Global Phosphate and Potash Outlook 2019

Phosphate and potash prices continued to march higher in 2018, writes Andy Jung on, although phosphate prices experienced some weakness late in the year on typical seasonal demand softness. Several overarching factors that had boosted prices in 2017 remained in play last year. Global shipments of the leading P&K products once again reached record levels, much-anticipated greenfield projects delivered fewer tons than advertised, and elevated raw materials costs provided an additional push to phosphate prices.

While price momentum stalled in Q4 2018 (and, in the case of phosphate, reversed course), the question remains as to whether last year’s macro trends that resulted in higher prices will persist in 2019, or have fundamentals changed? Our take is that the supply and demand situation continues to point toward a relatively balanced market — in other words one in which P&K prices hold 2018’s gains, with limited risk to both the upside or downside other than typical seasonal fluctuations. Several swing factors, such as where agricultural commodity prices settle, how quickly new capacity ramps up, and Chinese phosphate export availability, will ultimately shape the outlook.

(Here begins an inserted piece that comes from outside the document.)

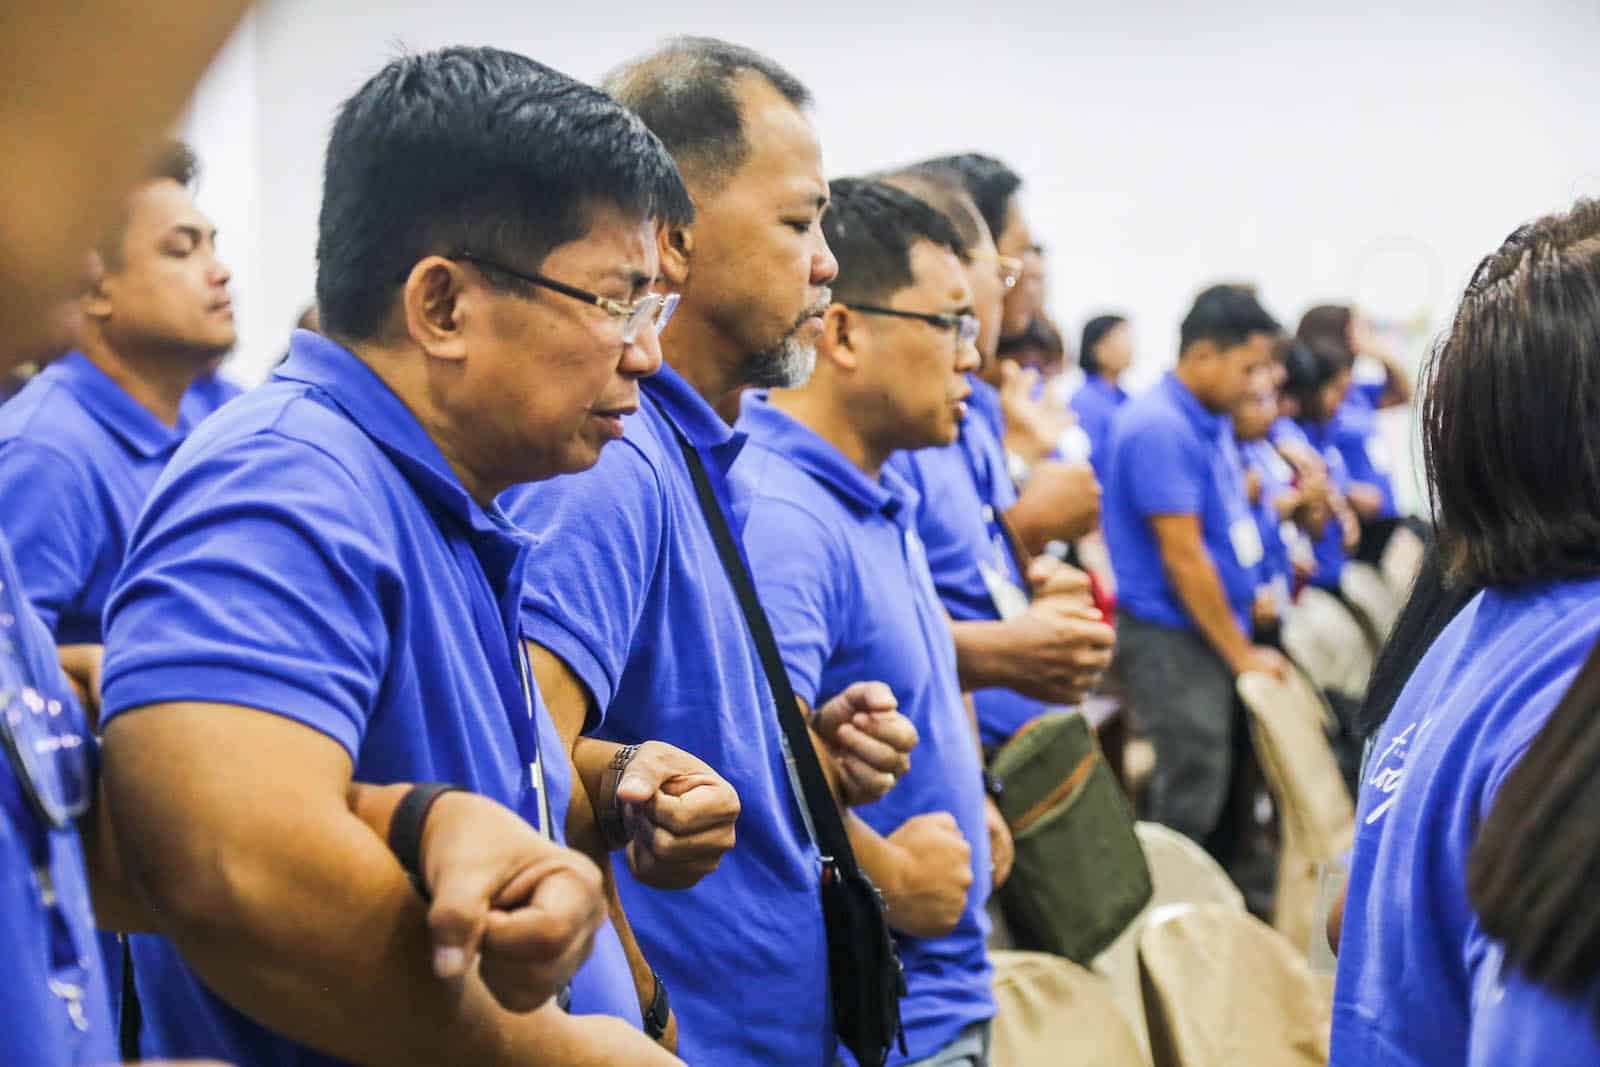 A row of men in blue shirts, linking arms and praying against child sexual abuse.

Wholesale granular muriate of potash (MOP) prices started 2018 by trading at about $235 per ton free on board (fob) New Orleans (NOLA) barge and moved continually higher before closing the year a bit shy of $300 per ton. While this circa $65 per ton increase appears impressive, potash prices in the U.S. continued to lag behind other global benchmarks. For example, the price of MOP delivered to Brazil ended the year at about $320 per ton after posting a similar increase over the course of the year.